For the transcriptomic data analysis, the sequencing reads were filtered and trimmed with Trim Galore (version 0.4.1) followed by mapping to the human genome (GRCh38. p12) using HISAT2 [51]. The mouse genome (mm10) was also used to estimate the cross-mapping rates. Principle component analysis (PCA) was performed using DESeq package with the batch effect between different datasets filtered [52]. Differently expressed gene (DEG) analysis was performed using DESeq (Adjusted P-value<0.01). The DEGs with the same regulated expression pattern to the patient-derived pterygium tissues were defined as consistent DEGs. The protein-to-protein interaction (PPI) enrichment analysis based on DEGs was presented through Cytoscape [53]. The gene set enrichment analysis (GSEA) comparing the 3D pterygium model and 2D control was performed using GESA software (http://software.broadinstitute.org/gsea/downloads.jsp) [54]. The gene ontology (GO) enrichment analysis in this study was accomplished with Geneontology [55].
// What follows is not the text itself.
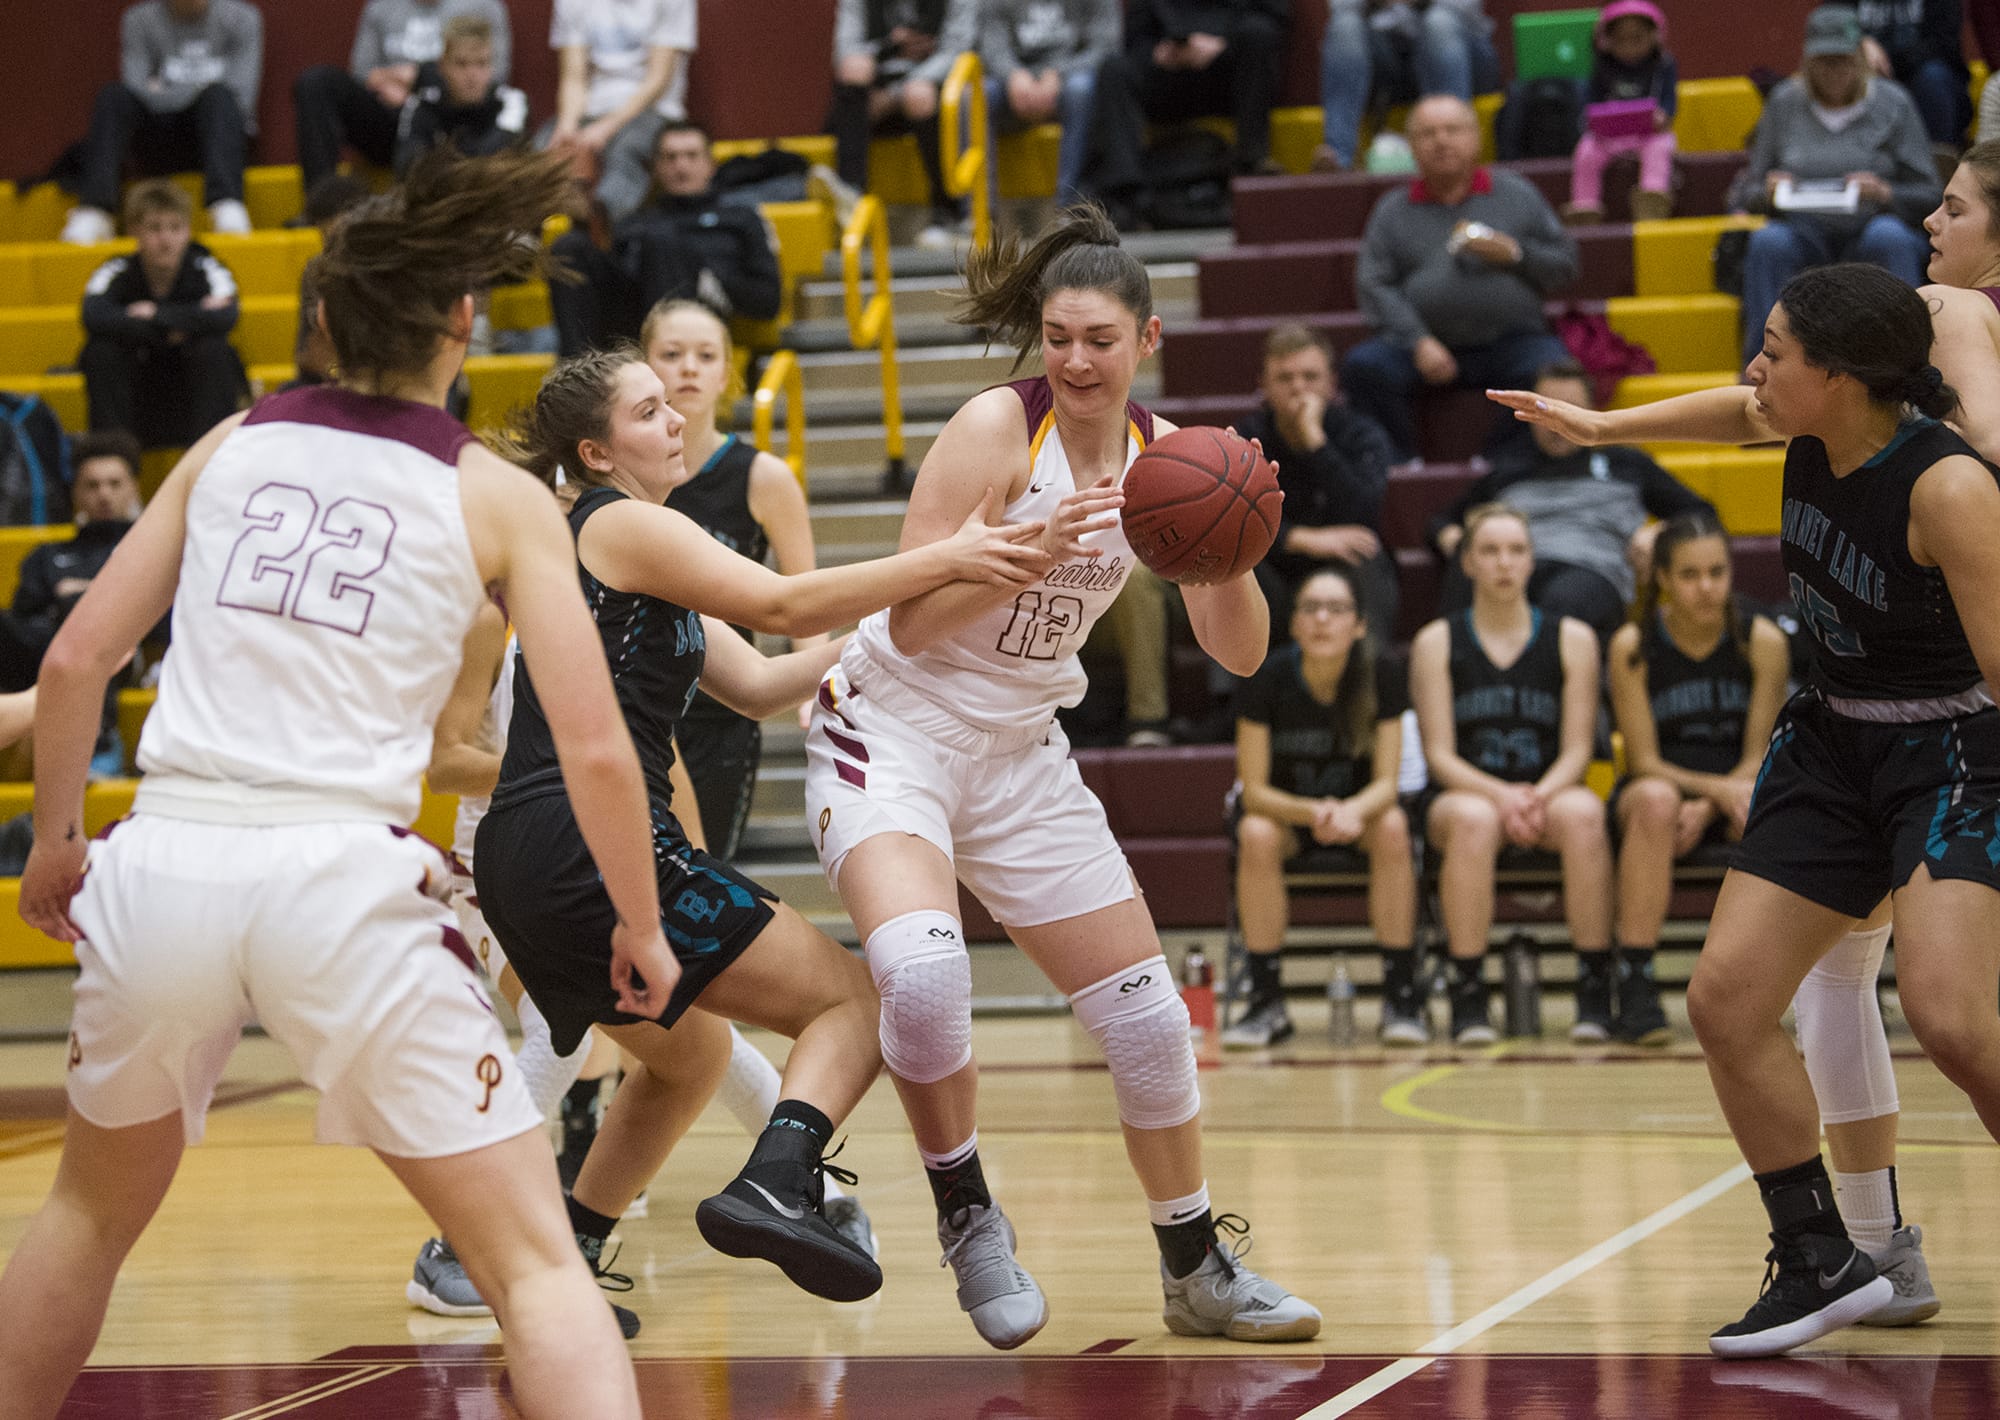 Prairie’s Brooke Walling (12) guards against Bonney Lake’s Olivia Grob (10) during the first round of the 3A bi-district girls basketball tournament at Prairie High School, Wednesday February 7, 2018.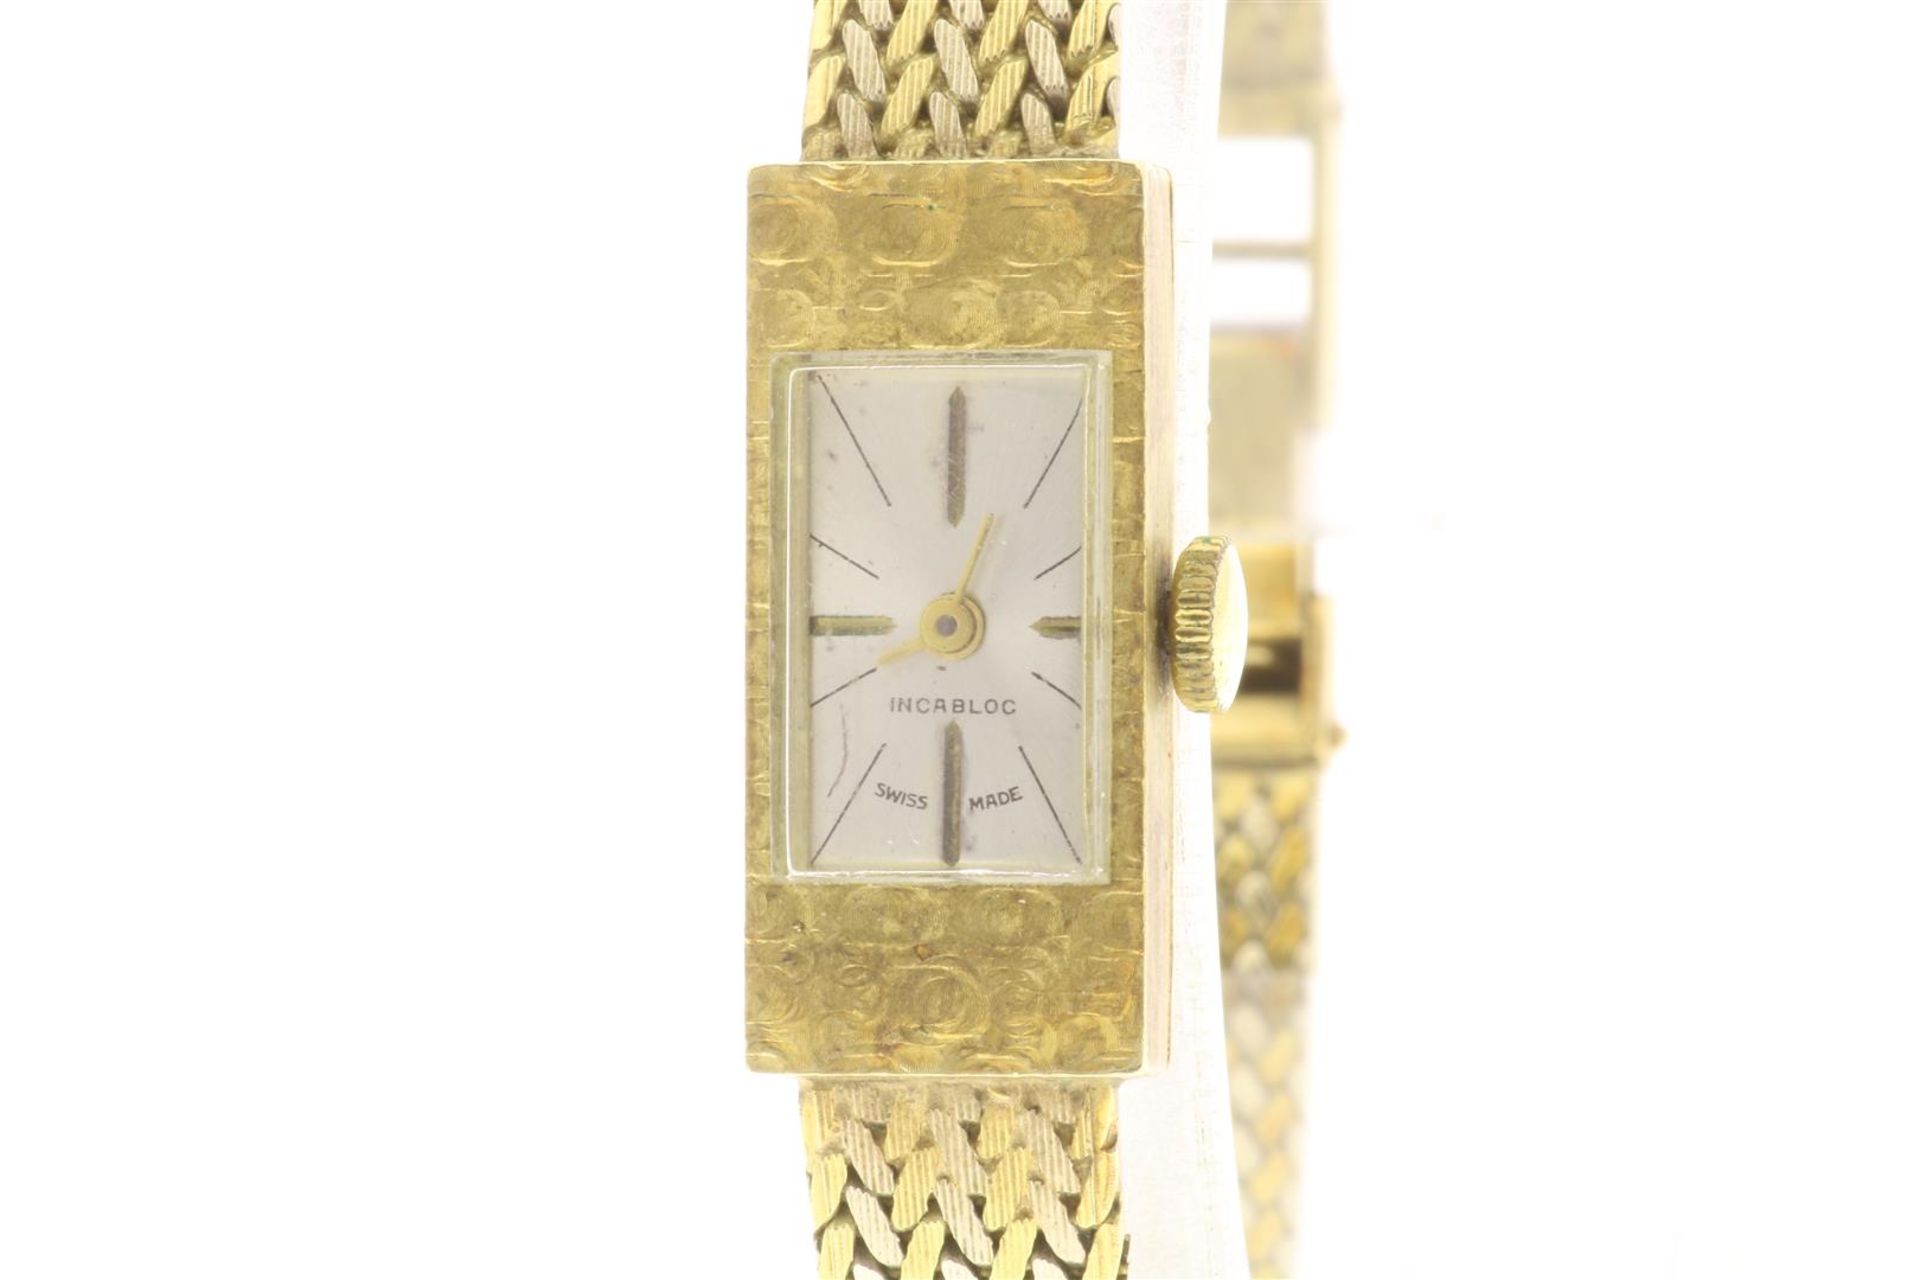 INCABLOC, Swiss made, yellow gold ladies wristwatch, weight 24 grams, memory. 585/000

2.9. Imaging and image processing
Imaging in this study was conducted using Leica SP8 confocal microscope and Leica DMI 6000-B fluorescence microscope. Images were processed with LAS X and ImageJ.
2.10. Statistical analysis
Statistical analysis was performed using Microsoft Excel and GraphPad Prism. The data was presented as mean ± standard deviations with two-tailed Student’s t-test or one way ANOVA used to determine the significance. P-value was presented in the figures with asterisks (*: P < 0.05; **: P < 0.01; ***: P < 0.001.).
3. Results
3.1. In vitro expansion of primary hCjSCs
The hCjSCs are one of the predominant stem cells on the ocular surface with high value in clinical applications, but the in vitro expansion has been a challenge [39,40,43]. We have previously reported the feeder-free culture of primary rabbit CjSCs adopting a cocktail of small molecules that inhibit transforming growth factor-beta (TGF-β) signaling, bone morphogenetic proteins (BMP) signaling, and Rho-associated protein kinase (ROCK) signaling and selectively expanded CjSC population in primary culture [44]. Given the promising results of rabbit cells, we first validated the expansion efficacy of CjSCM on primary hCjSCs isolated from donor tissues. As shown in accumulative quantification of cell doublings, compared to the cells cultured in the control medium without inhibitor cocktail, those cultured in CjSCM exhibited faster dividing, a shorter cell doubling time and higher replicative potency (Fig. 1A and B, Supplementary Figure S1A). As for cell morphology, the cells expanded with CjSCM showed more compacted, cuboidal, and uniform morphology whereas the control cells were elongated, spindle-shaped, and of various sizes (Fig. 1C). In addition, as measured with real time qPCR, the mRNA expression of epithelial stem cell marker, P63, and proliferation marker, KI67, were significantly upregulated in the CjSCM group, while the expression of the mesenchymal marker vitronectin (VIM) was significantly downregulated compared with control (Fig. 1D). The immunofluorescence staining of stem cell markers (ΔNP63, P63, ABCG2, KRT14), lineage markers (PAX6, E-cadherin (ECAD)), and proliferation marker KI67 indicated the predominant presence of hCjSCs in CjSCM condition (Fig. 1E, Supplementary Figure S1B). To validate the stem cell potency, we differentiated the expanded hCjSCs into goblet cells. After 7 days of differentiation, the generation of conjunctival goblet cells was confirmed by protein expression of mucin 1 (MUC1), mucin 5AC (MUC5AC), and mucin 16 (MUC16) (Supplementary Figure S1C). These results collectively demonstrated that our CjSCM culture system could efficiently expand primary hCjSCs in vitro with high homogeneity while promoting the stem cell phenotypes and preserving the differentiation potency.
Fig. 1.
In vitro expansion of primary hCjSCs using CjSCM. (A) Representative cumulative quantification plot showed the cell doublings versus the culture time of the human primary conjunctival epithelial cells in culture with CjSCM or control medium. (B) Average cell doubling time of human conjunctival epithelial cells in culture with control medium and CjSCM from passage 1 to 8 (mean ± sd, n = 3; ***: P < 0.001). (C) Cell morphologies of nonconfluent primary human conjunctival epithelial cells cultured with CjSCM or control medium at passage 3. Scale bars: 100 μm. (D) Real time qPCR showing the relative mRNA expression of KI67 (proliferation), P63 (stemness), PAX6 (ocular lineage), VIM (mesenchymal lineage) in the cells expanded in CjSCM or control medium (mean ± sd, n = 4, *: P < 0.05, ***: P < 0.001.). (E) Immunofluorescence staining of ΔNP63, PAX6 and KI67 on hCjSCs expanded in CjSCM or control medium at passage 3. Scale bars: 50 μm.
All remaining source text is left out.